Mayor of Arecibo
- In office January 14, 2013 – January 13, 2021
- Preceded by: Lemuel Soto
- Succeeded by: Carlos “Tito” Ramírez Irizarry

Secretary of Department of Corrections and Rehabilitation
- In office January 2, 2009 – August 11, 2011
- Governor: Luis Fortuño
- Preceded by: Miguel Pereira Castillo
- Succeeded by: Jesús González

Personal details
- Born: August 27, 1974 (age 51) Arecibo, Puerto Rico
- Party: New Progressive Party (PNP)
- Other political affiliations: Republican
- Alma mater: Pontifical Catholic University of Puerto Rico (BCJ)

= Carlos Molina (politician) =

Puerto Rican politician (born 1974)

Carlos Molina Rodríguez (born August 27, 1974) is a Puerto Rican politician and the former mayor of Arecibo. Molina is affiliated with the New Progressive Party (PNP) and served as mayor from 2013 until 2021. Previously, He studied primary and higher in the public schools of the town of Arecibo. While he worked as official in custody of the Puerto Rico Department of Corrections and Rehabilitation, he started and completed his degree of Bachelor in Criminal Justice at the Pontifical Catholic University of Puerto Rico, where he was President of the Student Council prime of the institution. Molina served as Secretary of the Puerto Rico Department of Corrections and Rehabilitation from 2009 to 2011, under Governor Luis Fortuño.

Carlos Molina was the president of Puerto Rico Mayors Federation from 2017-2020 after succeeding Hector O'Neill.

== Tenure ==
On November 3, 2020 Molina lost the re election for Mayor of Arecibo against Carlos “Tito” Ramírez Irizarry who will be the next Mayor after January 2021. At the end of the mayor's term the municipality remained with a deficit of around 85 million.

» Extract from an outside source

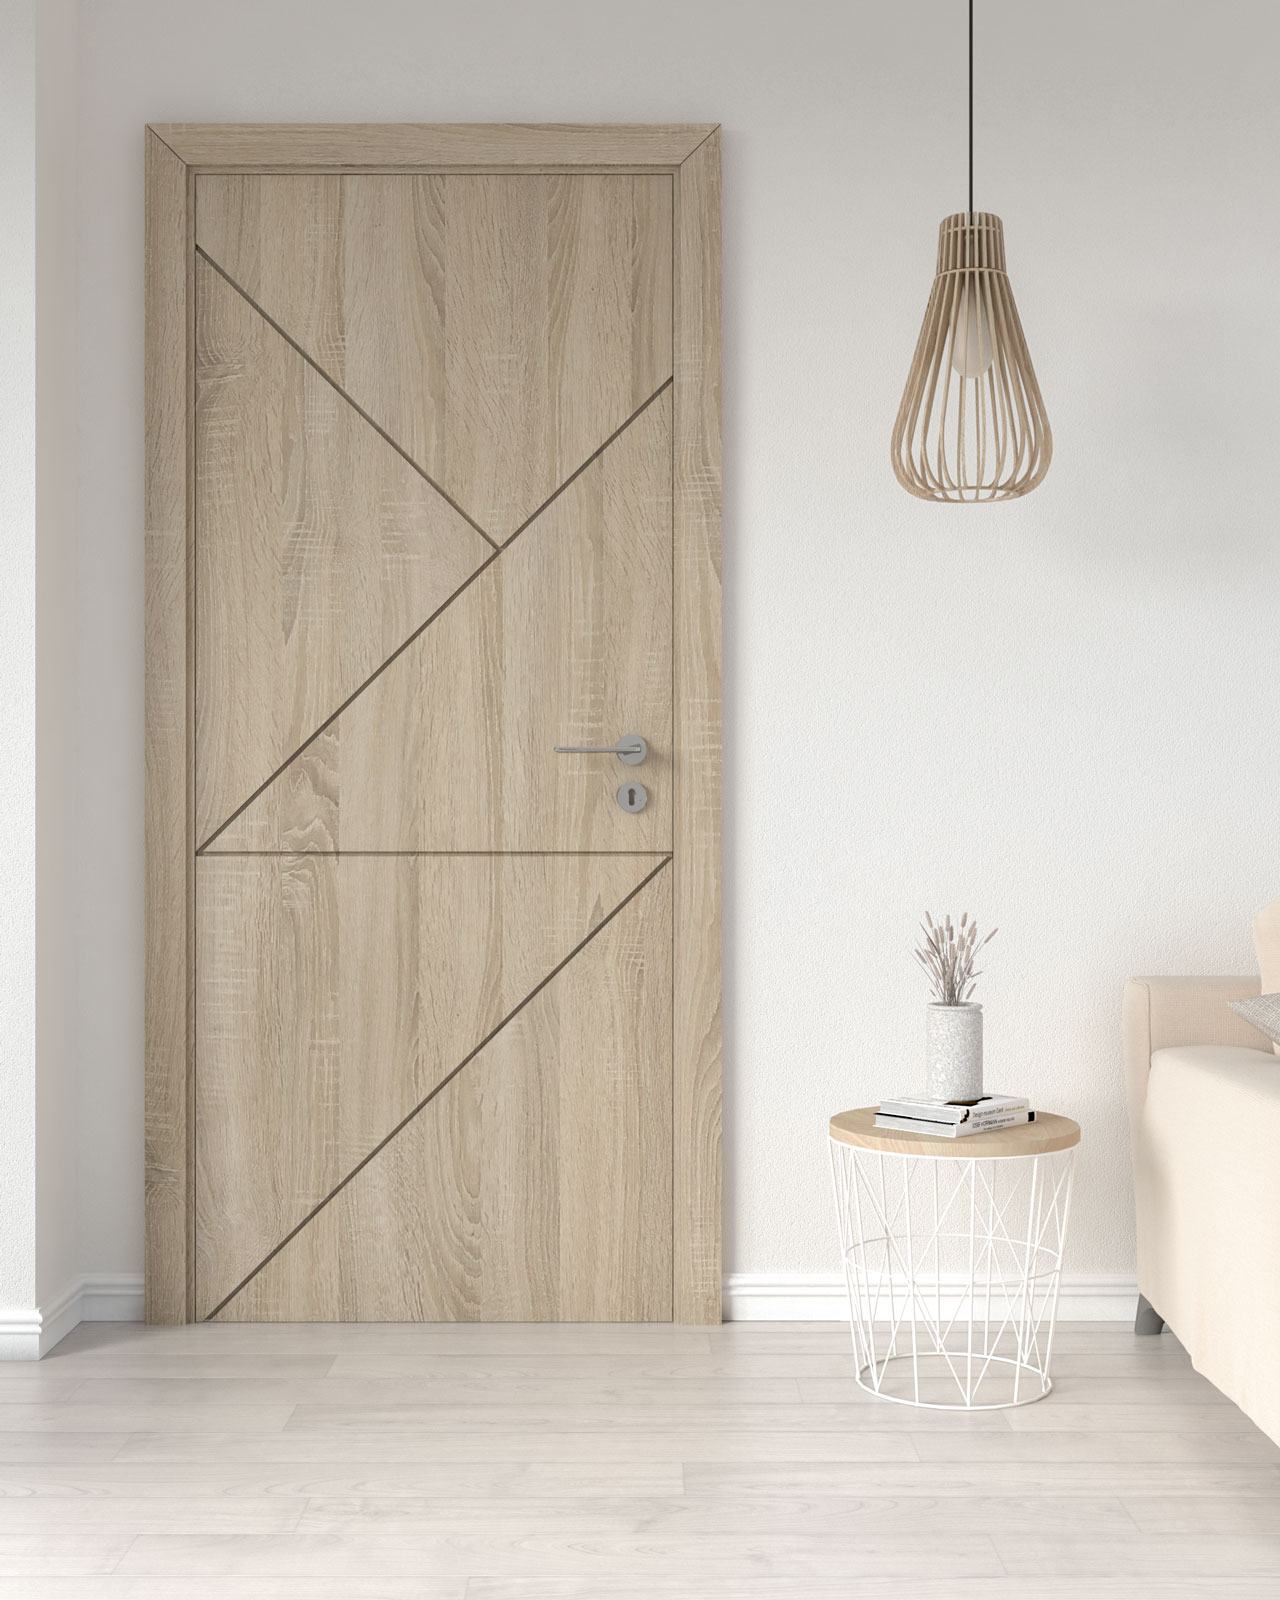 Geometric design on light colored wood door
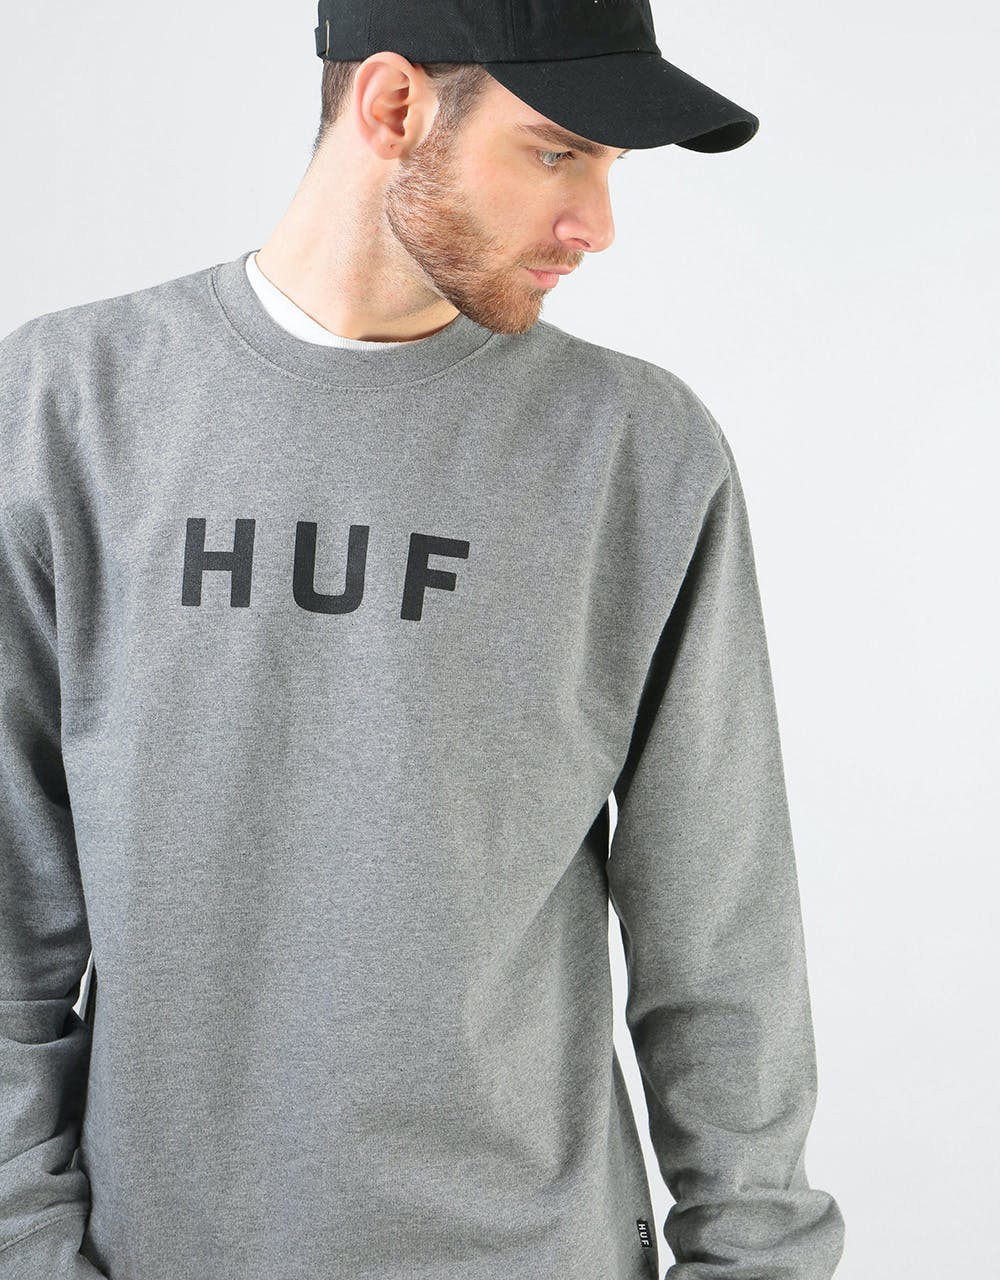 HUF Original Logo Crewneck Sweatshirt - Heather Grey

Before the end of his tenure the mayor announced that the municipality had begun to pay off debt to the Puerto Rico Department of Treasury. During the mayor's eight year term he duplicated the municipal debt and did not carry out property inventories. As part of the end of his term the mayor was entitled to take $69,000 worth of vacation days. In 2017 the mayor's salary was raised to $96,000.

After completing his term Molina created a company which has made contracts as advisors with the municipalities of Quebradillas, Cabo Rojo and the CRIM agency.